Question

Templated Pivots for Custom Aggregates

  • 28 August 2015
  • 3 replies
  • 258 views

When building an interactive Kaplan Meier dashboard for my organization, I wanted to allow users to choose to pivot on a number of a different dimension (i.e., select the variable to use for cohort comparison). Unfortunately, this seemed impossible because the choice of variable to pivot on has to happen in a subquery/CTE before a few CTEs worth of reasonably complicated SQL transformations are applied.

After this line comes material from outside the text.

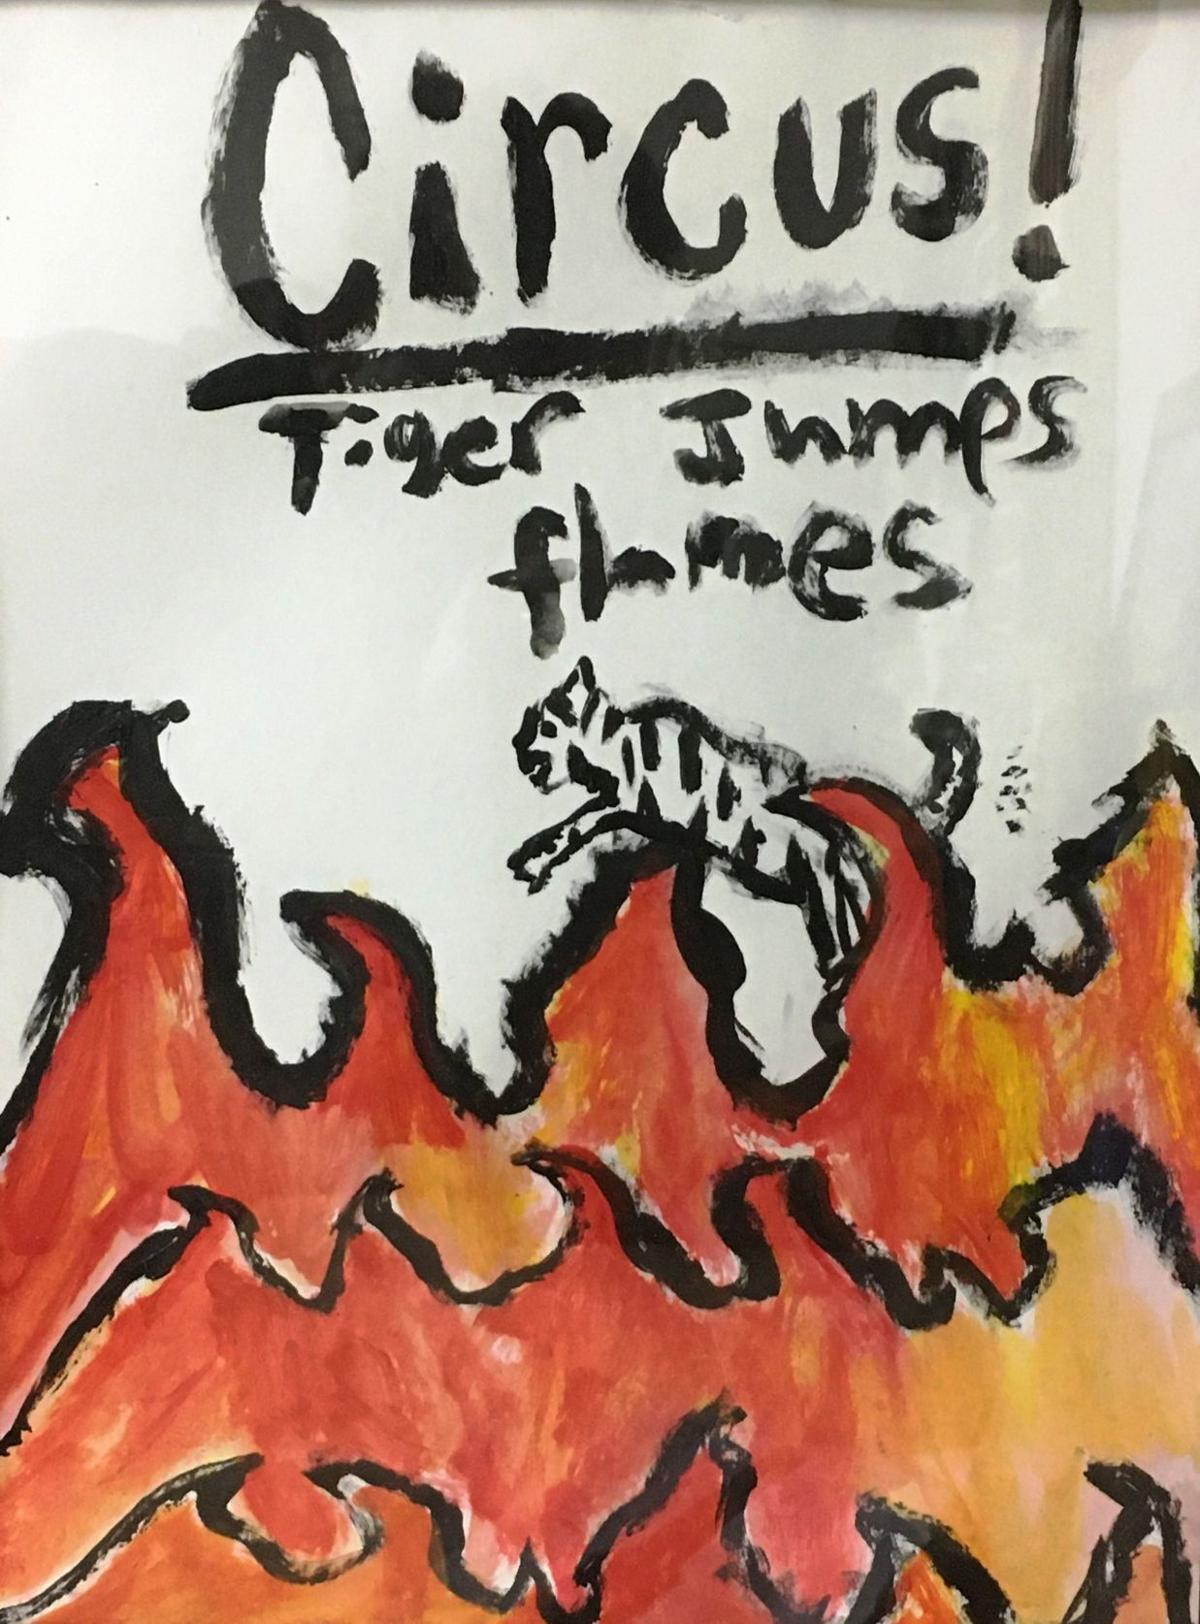 Circus! Tiger Jumps Flames

By hacking the templated filter feature, I was able to come up with a solution.


- view: KM
derived_table:
sql: |
with
accounts as (
SELECT
user_id,
CASE
WHEN NOT({% condition gender %} 'xxxxxxxxxx' {% endcondition %}) THEN gender
ELSE extract('year' from start_date)
end AS cohort,
MAX(case when created_at is not null
THEN 1
ELSE 0
END) AS event,
COALESCE(
MIN(GREATEST(TRUNC(date_part('day', created_at - start_date)/7),1)),
MAX(greatest(TRUNC(date_part('day', current_date - start_date)/7),1))
) AS duration
FROM timeline
group by
1,
2
),
.....



fields:
### TEMPLATED FILTERS ###
- filter: gender
label: 'GROUP BY Gender'
type: string
default_value: DONOTCHANGE

### Dimensions and measures ###

- dimension: pivot
description: 'If you want to use any of the pivots defined above, you must pivot on this field.'
type: string
sql: ${TABLE}.cohort

When the gender filter is selected, the SQL that’s generated by Looker becomes:


  WHEN NOT(( 'xxxxxxxxxx'  = 'DONOTCHANGE')) THEN gender
ELSE extract('year' from start_date)
END AS cohort,

And when the filter is not selected, the generated SQL is:


  WHEN NOT(1=1) THEN gender
ELSE extract('year' from start_date)
END AS cohort,

Which is exactly what we need!


This method should generalize to any custom aggregate function, providing you generalize your SQL enough. Good luck!


3 replies

Hi Michael - This example sounds like something I was looking for, but I’m having a hard time visualizing how the user would use this. Would you be able to post some screenshots of this being used when building a Look? Thanks!

Nevermind, makes sense now! This is great =)

For anyone who is interested, I’ve written up a blog post on how we used this here.